Now, let’s look at what we have seen of Jab Harry Met Sejal, what we know of Imtiaz Ali, and where Shahrukh is as a romantic star. Here’s one big thing that is becoming increasingly clear, this will be more of an internal growth journey for “Harry” than it will be “Sejal”. We can see that just from the songs that have released, two songs entirely from Shahrukh/Harry’s head, and none from Sejal’s. In the first song, it is talking about the bleakness of life as a traveler, and the images are showing us him not really connecting, seeming to float through life a little.
In the second song, he is connecting, but explicitly connecting to just one person.
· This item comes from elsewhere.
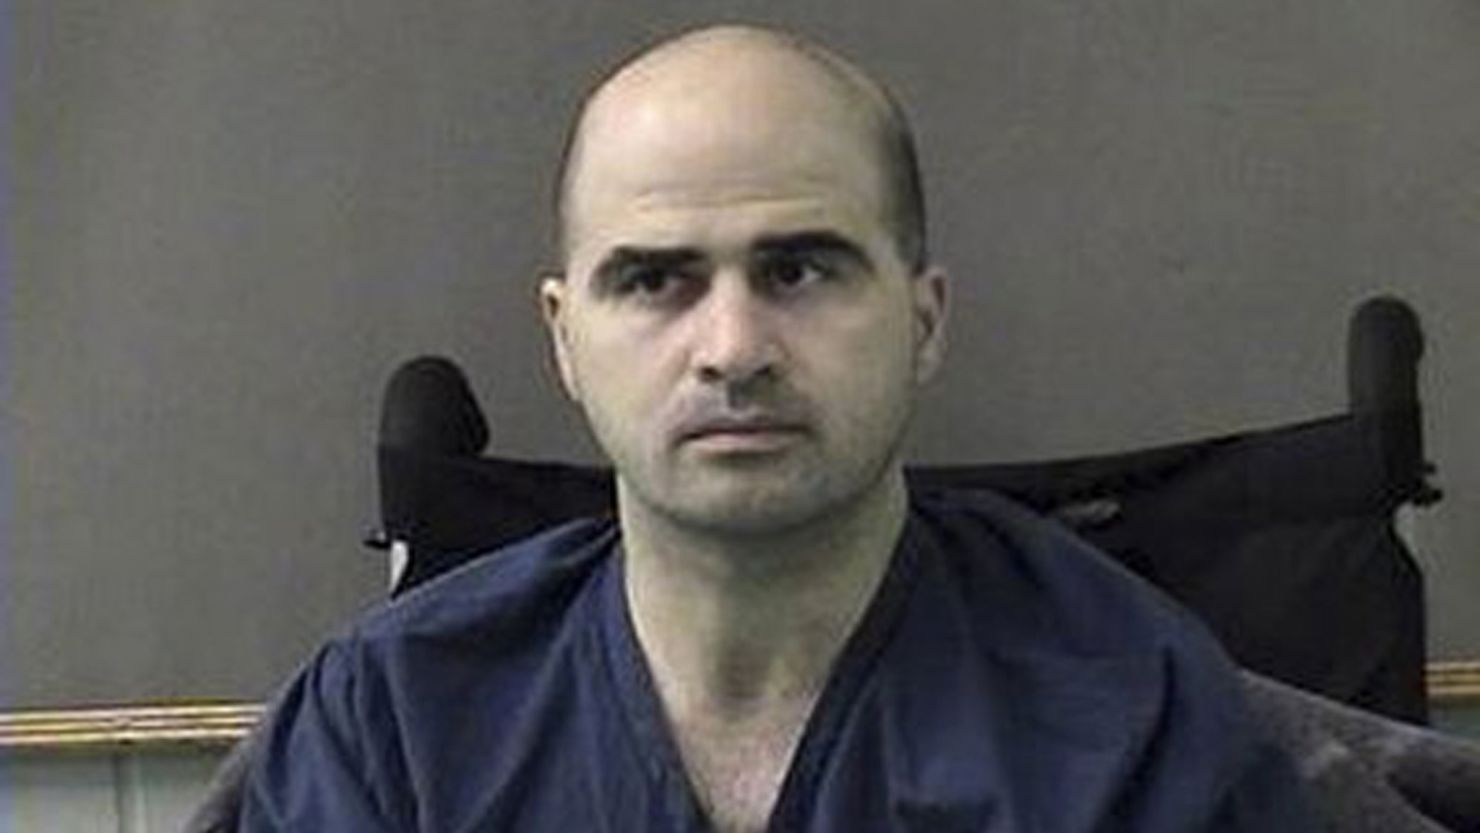 Maj. Nidal Hasan is accused of killing 13 and wounding 32 others in November 2009.

That’s what the lyrics are saying (thank you Red Chillies for the subtitles!), that he is nothing if he doesn’t have her. That sounds romantic, but I think maybe it is meant to be literal? He was a sad lost man who didn’t know how to connect any more, until he met the one person who broke through to him.
And finally, in the trailer (also with subtitles now!), there is mention of SRK/Harry feeling that God himself has forsaken him and Sejal asking if he has ever looked for God.
I don’t necessarily think that Imtiaz Ali sat down and went “aha! I shall remake Guide with a new aging romantic star and a new young woman who breaks through his barriers!” But there is something unique about the idea of the person who only flits in and out of others’ lives, while they are on vacation, never while they are doing something “real”. And using that idea opens up a particular kind of plot options.
If it were a different director, I would lean more towards something like Shivaay, incredibly stupid vacation romance type thing. But Imtiaz, especially recently, tends to like to go deep. To put his characters on more of a spiritual quest.
And so I wonder, is Shahrukh just going to fall in love with Anushka? Or is he going to fall in love with people, with life, with connections to a higher power? Is their connection going to change him into a better man in a way that is divorced from whether or not he “gets the girl”? Is she going to heal something broken inside that lead him to turn into this cool removed Guide?